LA PLUIE JAUNE
un livre de
Julio Llamazares
Début
1996, c’est la découverte du romancier espagnol Julio
Llamazares par la lecture de son second roman. Un véritable
coup de poing. Il y a des livres, rares, qui vous explose
la tête. Je ne me souviens plus des raisons qui ont fait
que j’ai choisi ce livre, mais il est probable que
comme pour les disques il faut d’abord prendre ce que
l’on ne connaît pas. Le titre certainement à jouer un
rôle, surprenant et impossible de déceler dans quelle
direction il va nous entrainer. Dés la première lecture,
vous savez que vous allez plonger dans cette descente en
enfer, celle de l’exode rural, de la solitude, du
froid et de la nuit…Lorsque vous fermez ce livre,
vous êtes sonné, groggy, mais c’est le charme de la
littérature, vous vous empressé de le partager avec vos
proches.
Aout 1996, en vacances dans les Pyrénées avec des amis, Il
semble indispensable d’aller découvrir le village qui
se trouve au cœur du récit, Ainielle, sur le versant
espagnol de la montagne en Aragon. Comme toute ballade en
montagne, toute la troupe se met en marche de bon matin,
l’objectif étant de profiter au maximum du lieu à
travers ses paysages, ses couleurs, ses odeurs. Le but est
double, découvrir dans le dernier virage le village,
confronter les souvenirs de lecture à la réalité des
maisons en ruine et profiter d’un pique-nique
généreux pour échanger nos impressions. Les enfants
profitent au mieux de ce lieu si propice à
l’exploration. Après les efforts de la marche, on se
laisse vite gagner par la douceur du repas et l’on
essaie de différer un peu le moment ou il faudra
redescendre.
Le temps est beau, le soleil fait son boulot et nous
faisons des efforts pour retrouver le climat hivernal avec
le vent froid qui glisse entre les maisons, le givre qui
envahit les bords des carreaux et la neige qui étouffent
les bruits. Béné qui bourlingue sur tous les sentiers de
montagne, reste vigilante, elle sent le vent léger qui se
lève, les nuages qui à pas de loup envahissent le ciel si
bleu. Il y a quelque chose de sournois dans la nature. Elle
donne le signal du repli, on remet tout dans les sacs à
dos, même la poubelle, ont rassemble les enfants et après
un dernier regard en arrière on plonge vers le village de
départ. Ce jour-ci, les éléments n’ont guère envie de
plaisanter. Très vite le vent prend un malin plaisir a
secouer les arbres en faisant ployer les cimes, la lumière
s’éteint progressivement et la pluie rentre dans la
danse…Dés lors il faut marcher vite, porter les
petits sur les épaules et les rassurer. Descente rendue
difficile par la pluie qui transforme le chemin en cours
d’eau boueux. On baisse la tête, on parle aux enfants
pour les distraire, la pluie colle nos vêtements sur le
corps et si il n’y avait le besoin de se mettre en
sécurité on pourrait prendre plaisir à cette douche géante.
Le groupe se constitue de petites entités, les espaces se
creusent. Les éclairs et le tonnerre arrivent pour
renforcer l’ambiance. La pluie redouble avec
d’énormes gouttes qui s’écrasent partout. Un
4x4 passe, les gouttes rebondissent sur la tôle, les
essuie- glaces glisse sur le pare-brise , les vitres sont
recouvertes de buée, on ne voit rien à l’intérieur.

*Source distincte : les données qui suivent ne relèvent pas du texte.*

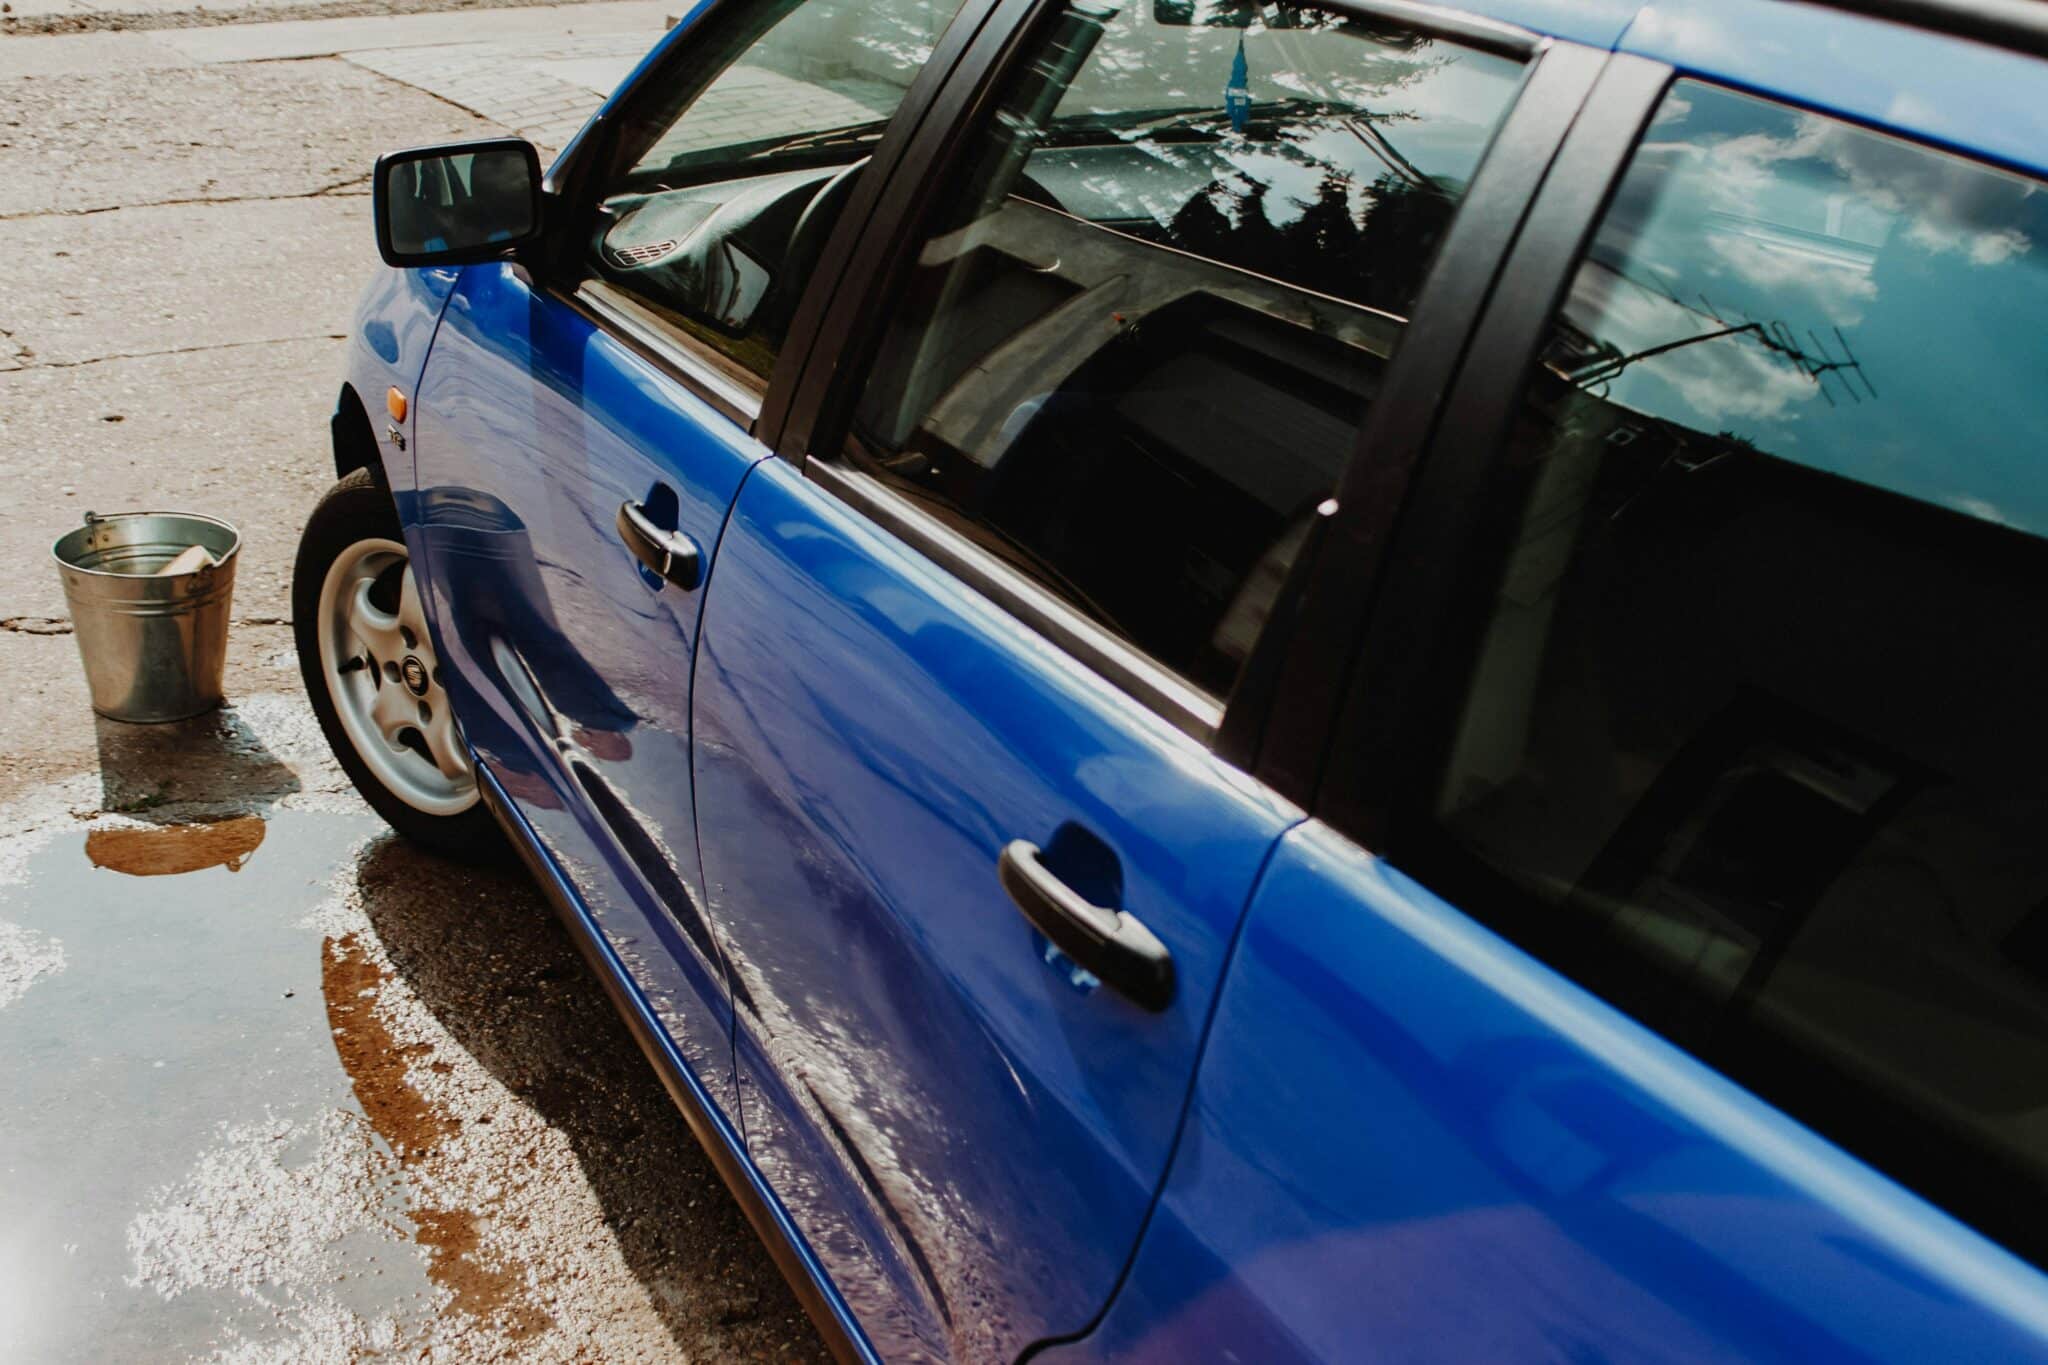 service de lavage de voiture professionnel pour un nettoyage impeccable et une brillance éclatante. découvrez notre expertise en lavage auto pour une voiture éclatante de propreté.
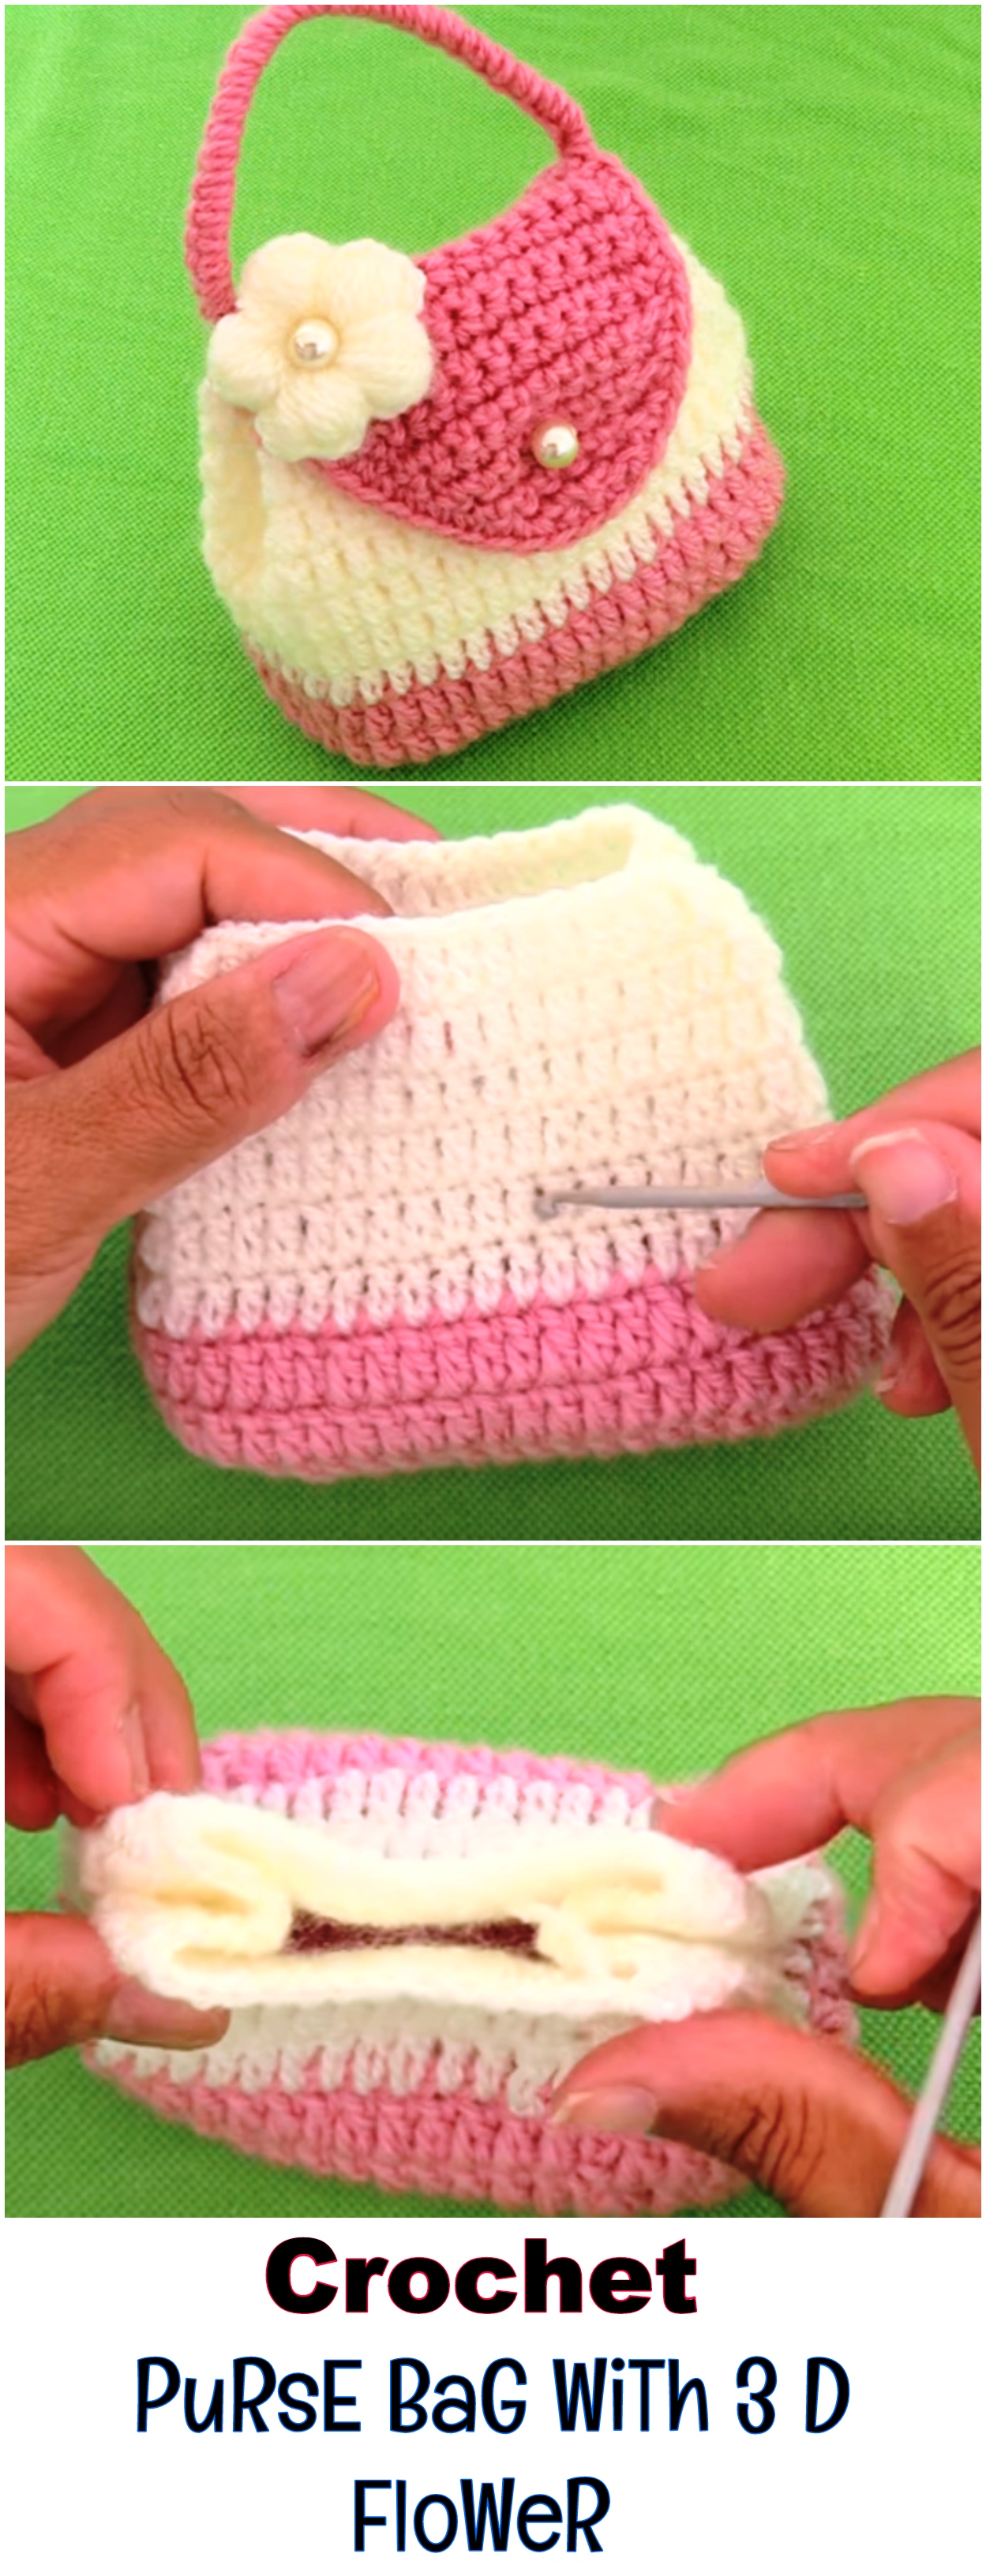 Crochet Purse Bag With 3 D Flower

Enfin, le chemin remonte vers la place du village ou nous
avions laissé nos voitures. En arrivant on ne voit plus
l’escalier qui descend de l’église à la place,
c’est un cour d’eau qui a effacé toute les
aspérité des marches. L’eau s’enfuit à toute
vitesse dans les rues. Il est temps de sauter dans la
voiture sans réfléchir, le niveau de l’eau atteint le
plancher des véhicules, encore un peu et les moteurs seront
noyés. Les essuie-glaces bataillent ferme contre la pluie,
les maisons comme des grandes taches sombres glissent le
long des véhicules. La buée envahit l’habitacle, on
avance coupé du monde, Il faudra du temps et de nombreux
kilomètres pour pouvoir s’arrêter et souffler. Tout
le monde est pourri, les cheveux collés sur le crane et
avec exaltation chacun témoigne de ce qu’il à vécu,
ressenti.
Ce qu’il y a d’étonnant, c’est que le
visage d’Ainielle que nous étions venu chercher
c’est dérobé et qu’il a sans doute réapparu
dans le village alors que nous efforcions de nous mettre à
l’abri en courant sur le sentier qui nous ramenait
aux voitures…
Le lendemain nous apprenions par la presse que dans la
vallée voisine, la pluie allait provoquer la mort de plus
de soixante dix personnes dans un camping de
Biescas.
Au
seuil de la mort, un homme achève l’expérience
extrême de l’abandon. Pour conjurer la peur, il
parle. Il raconte avec une grande pudeur et une douceur
infinie, sa cruelle traversée. Il réveille dans ce village
oublié des Pyrénées aragonaises, les visages disparus que
la maladie, la vieillesse, la guerre mais surtout
l’exode ont emportés jusqu’au
dernier – lui. Il évoque sa résistance
obstinée contre les forces de la nature, contre les
mensonges de la mémoire, les illusions du réel ou les
exaltations de la folie. Ce
chant âpre et fascinant – écrit dans une
langue simple mais imagée, sensible, enveloppante,
volontiers itérative au point de susciter ce sentiment
étrange de déjà vécu – emporte celui qui
écoute vers un point de vertige où s’évanouissent
ensemble, dans la chute lente des feuilles de
l’automne, l’éphémère et l’éternel.
Résumé
du livre
Extrait du livre:
Dans la rue, le
brouillard s’accrochait aux murs et l’humidité
glacée du givre rendait invisible toute empreinte récente.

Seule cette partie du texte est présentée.